ACTION ITEM => Could you give again exactly, and only, the lines from the one holding "Swix Swix T72 Racing Digital Waxing Iron" through the end of the data, both ends included, with pictures left out?

RECORDED DATA =>
◆ ◆ ◆ ◆ ◆
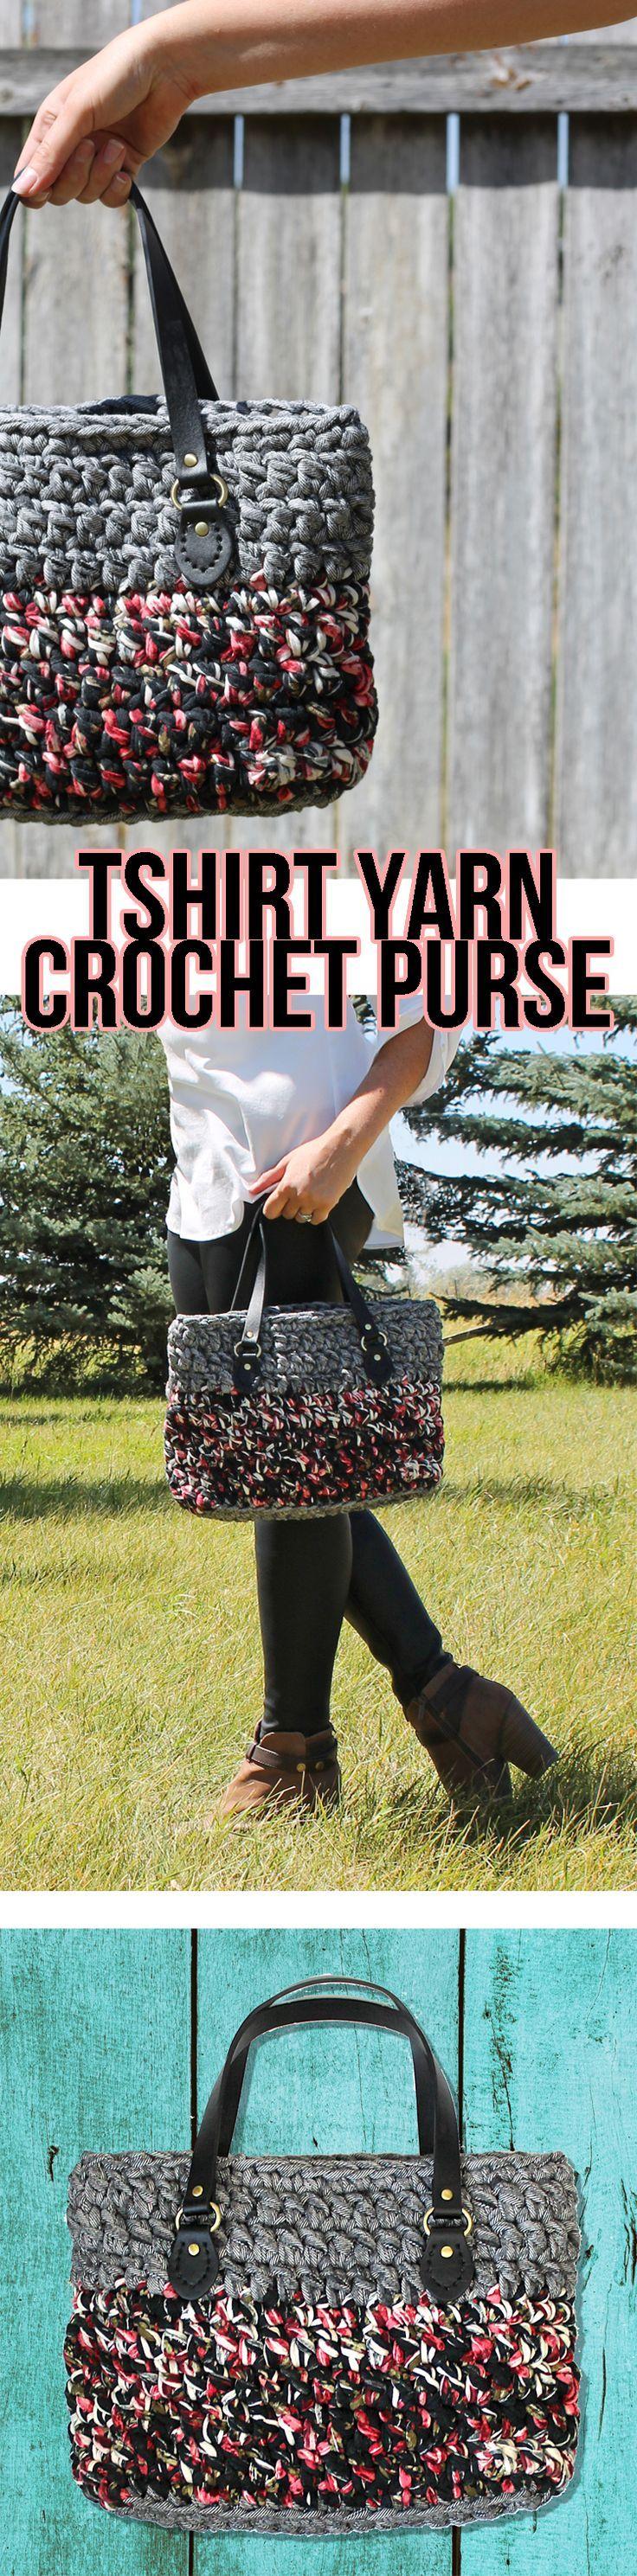 T-Shirt Yarn Crochet Bag (Free Pattern) | Pinterest | Free crochet ...
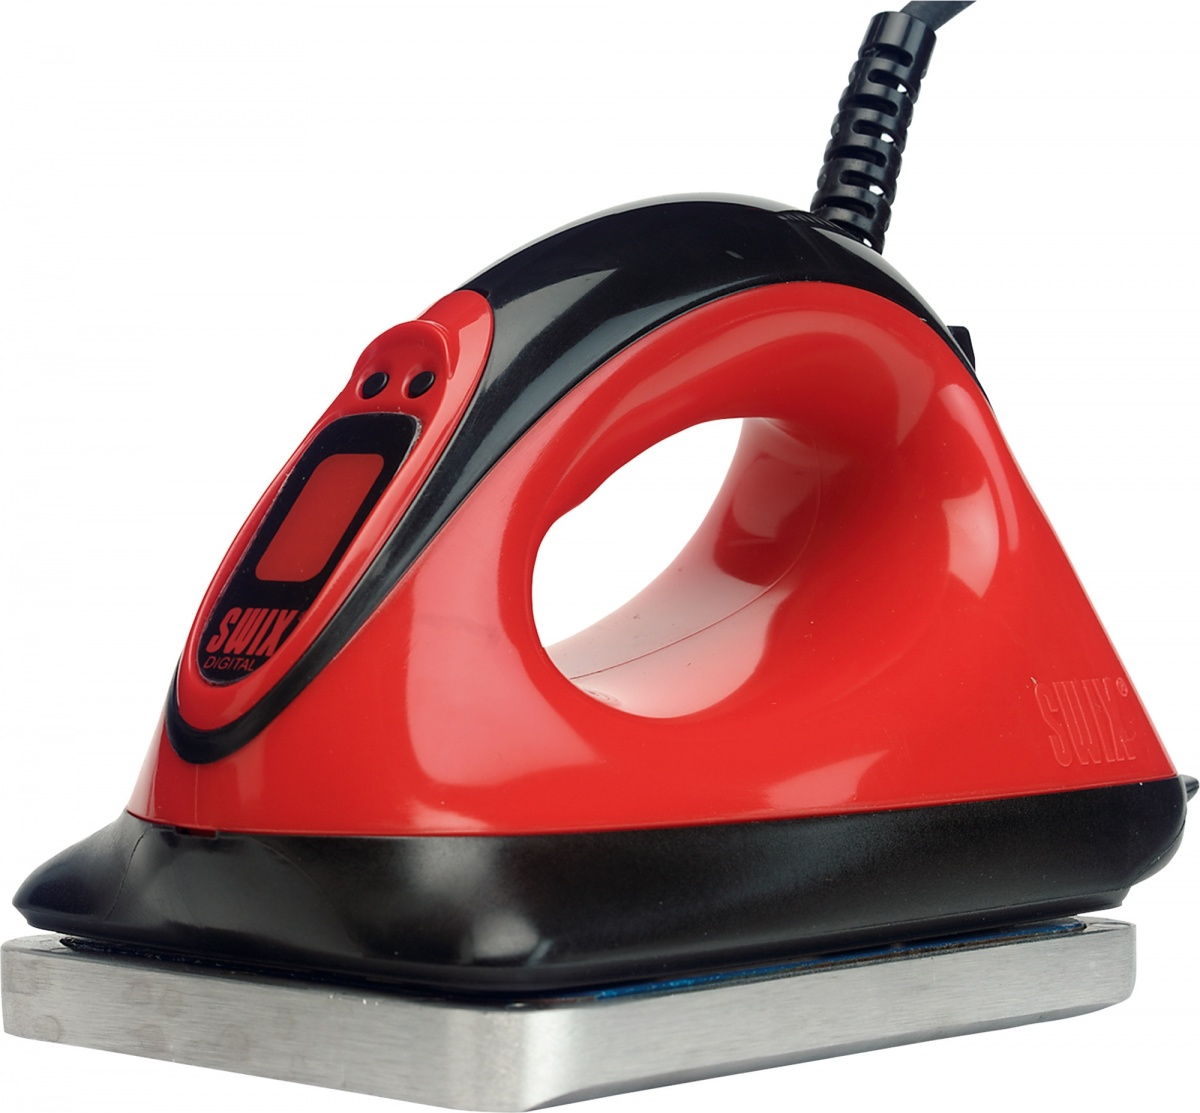 Swix Swix T72 Racing Digital Waxing Iron
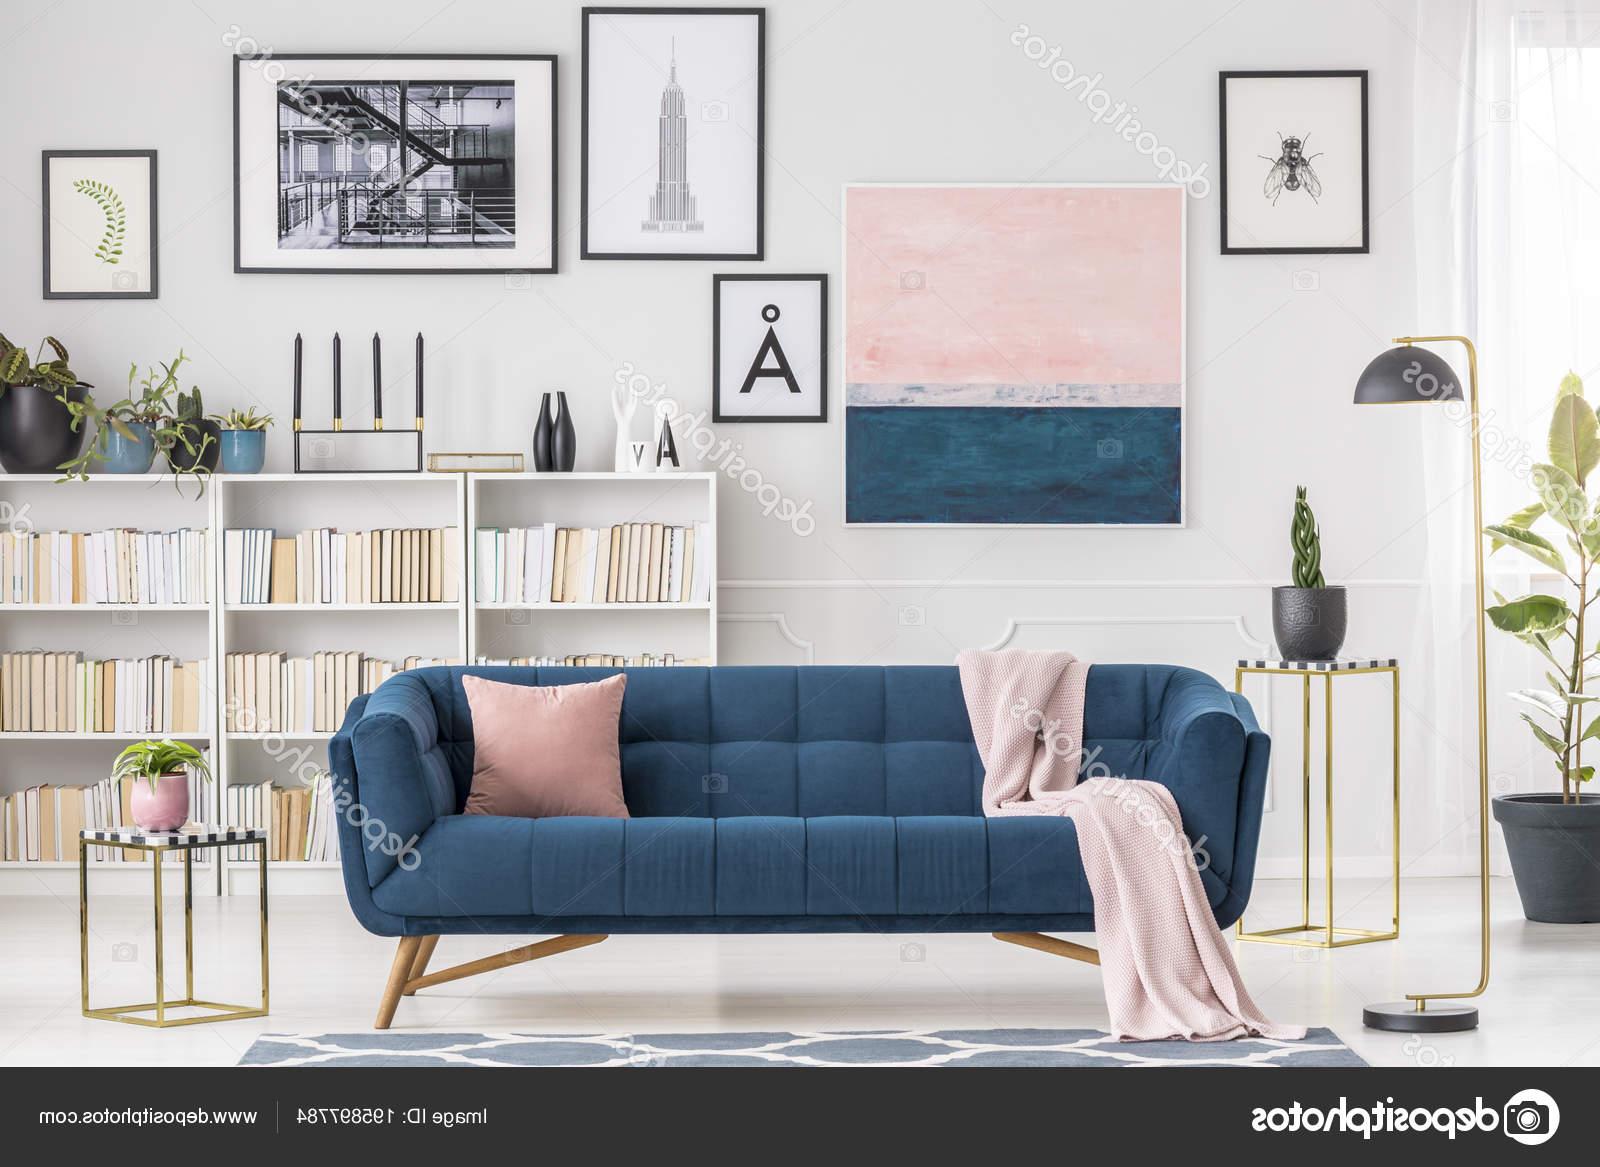 Sofa Azul Marino Gdd0 Rosa Manta sofà Azul Marino Interior Moderno Salà N Con Galerà A
◆ ◆ ◆ ◆ ◆
OUTPUT =>
 Swix Swix T72 Racing Digital Waxing Iron
 Sofa Azul Marino Gdd0 Rosa Manta sofà Azul Marino Interior Moderno Salà N Con Galerà A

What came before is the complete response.